In his day, Lynn Hopewell was among the most prominent financial planners in the country, having served on the CFP Board and as editor of the Journal of Financial Planning. He was a recipient of the FPA Lifetime Achievement Award and was named by Money magazine and Worth (by me) as a top advisor. He had also been somewhat of a mentor to me when I started covering the financial planning world back in the early 1980s, sharing his many insights and experiences, and serving as a sounding board as I was figuring out the financial services industry.
Lynn Hopewell is no longer with us. I suppose I should admit that I have no first-hand knowledge of his demise, but back in 2006, I did read a number of reliable announcements of it. Yet there was Lynn, on my computer screen as if I was Skyping with him, which I wasn't (and as if my computer were set up to Skype, which it isn't).
But, it had been a long day. It was already dark out, and I still had a blog to crank out. I must confess that while I was moved to see Lynn's balding pate and scraggly white beard once again, I also felt some irritation with my computer for choosing that moment to malfunction with an image from who knows when and disrupt my increasingly fragile train of thought.
However, when he spoke to me, I realized that I had finally gone 'round the bend that I had been flirting with for some years, and said so; more to myself than to the image on the screen. In his typically bottom-line manner, Lynn pointed out that my mental state was of little consequence at that moment, and as I was, in any event, having this vision, I might as well listen to what he had to say. He always was hard to argue with.
Having taken his point, I stammered out a litany of questions such as how he was, where he was, how this was possible, etc., which he quickly brushed aside.
"I want to talk to you about the profession of financial planning," he said in a grim voice. "As you know, it's been on shaky ground since its creation back in the early 1970s, but I've always felt it was moving in the right direction—until recently. I'm hoping that you and some others can nudge planning back on track before it's too late. But my time grows short: They don't give us a lot of leeway for this kind of thing up here, you know? You'll be visited by the ghosts of three clients who will show you what you need to know about where financial planning came from, the challenges it's facing at present and what its future holds if it continues on its present course. What financial planners do about it will be up to them."

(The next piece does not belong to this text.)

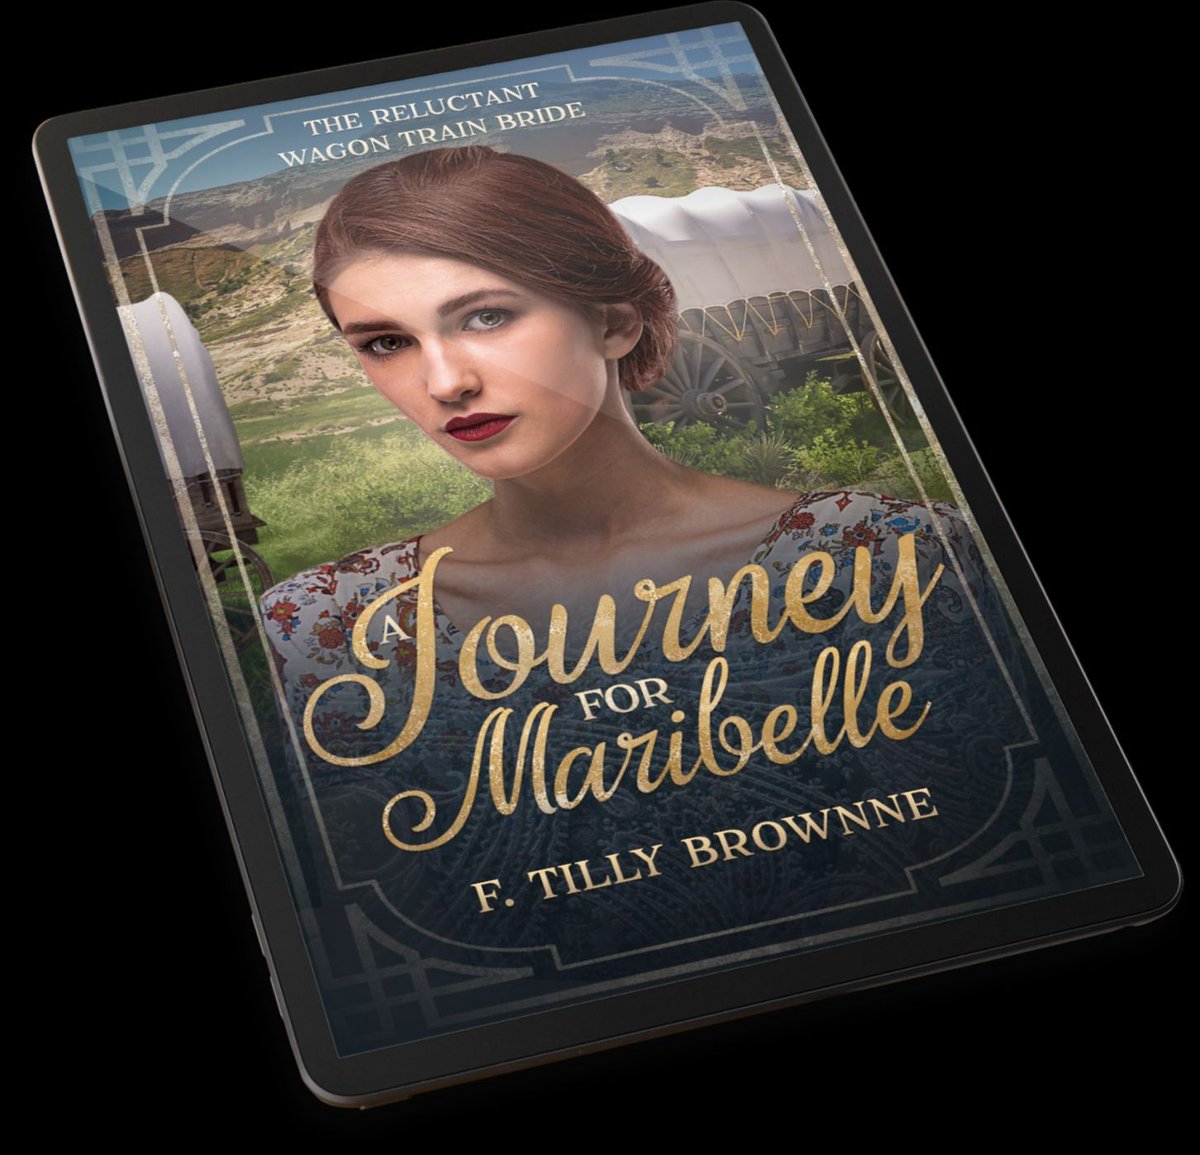 #Kindle ~ They must be married to join the #WagonTrain. She's desperate to go. Meet Annabelle's sister: Maribelle in The Reluctant Wagon Train Bride buff.ly/3rMbE8i #HistoricalRomance NEW RELEASE! #IARTG
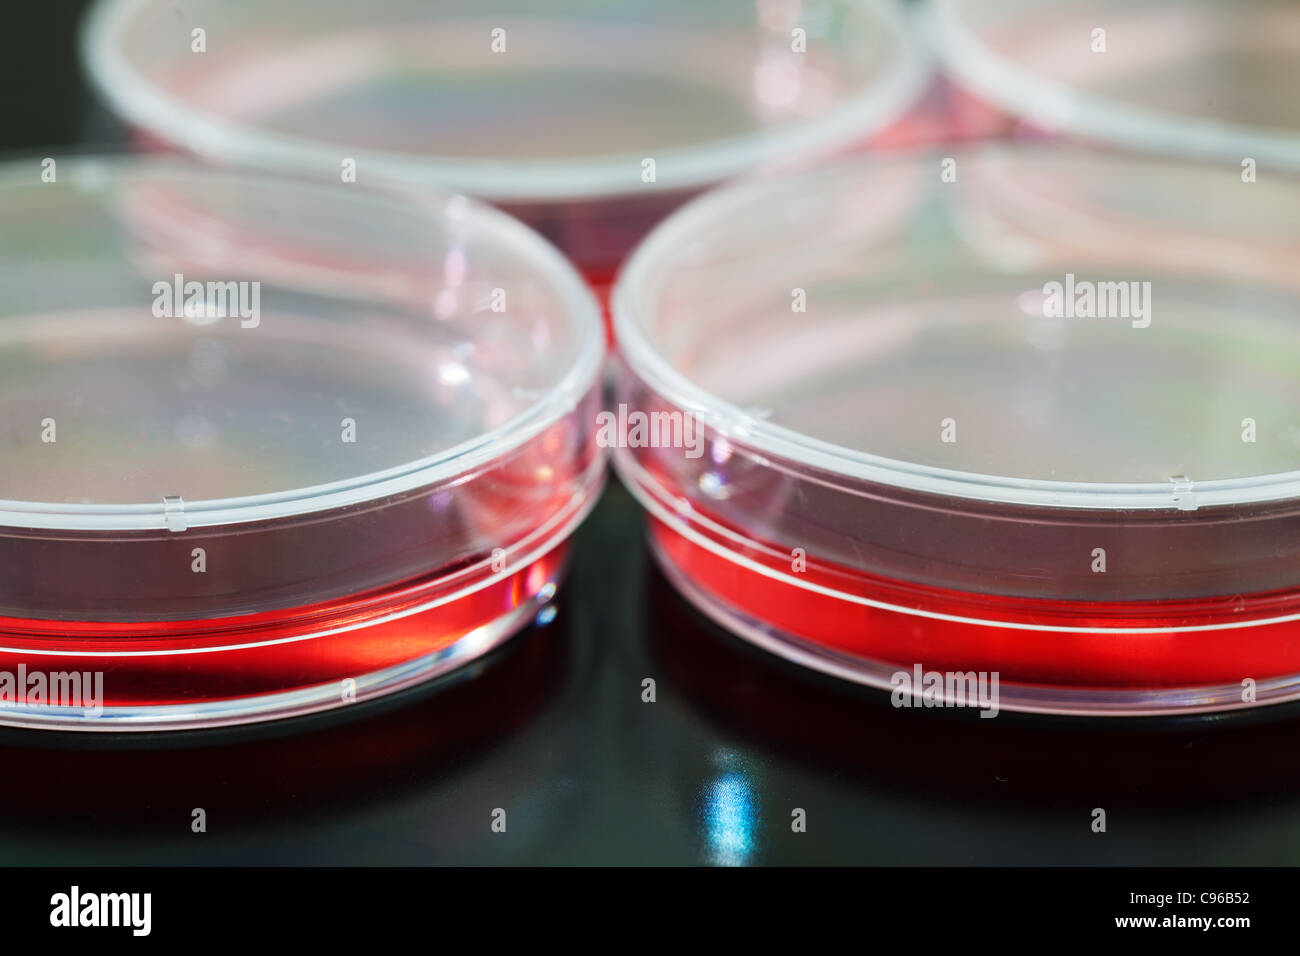 Petri dishes used for eukaryotic cell culture in  solid agar. Stock Photo

With that, my computer screen returned to the blog that I'd been trying to write, which suddenly seemed a lot less important—and a lot less likely to get finished that night. Flooded by the nostalgia of the many conversations I'd had with Lynn over the years, juxtaposed with the conviction that I needed to start getting more sleep, I decided to call it a night and headed off to bed.
Surprisingly, sleep came easily that night. How long I slept I can't say, but slowly I was coaxed awake by the vibrating of the iPhone on the nightstand. As I fumbled for the infernal device, I struggled to comprehend the image before me of a mustachioed, youngish man in what appeared to be a neon blue leisure suit and a bad haircut.
"Hey, baby. What's happenin'?" he asked. Not waiting for a response, which my still-sleeping brain was having a hard time coming up with, he introduced himself. "I'm Dr. Dorian. Together with a couple of other plastic surgeons, I just launched the most happenin' private practice in Beverly Hills," he explained. "Me and my pards are rolling in dough, and I just dropped in to remind you what financial planning was like when you started a financial planning magazine in 1984."
Still trying to get my brain around the vision on the phone, Dr. Dorian didn't give me a break: "To handle our windfall, we have the coolest financial planner on the West Coast. He lives in The Jackson Five's old mansion. Our biggest problem is that we make too much money, and with the top tax bracket at 70%, we don't want to pay most of it back to Uncle Sam, you dig? So our planner created a 'diversified' portfolio for us, equally divided between oil and gas tax shelters, real estate tax shelters and gold coins. What's our planner's commission on all that? Heck, I don't know—somewhere around 10% maybe—but he's saving us so much money, he's worth it."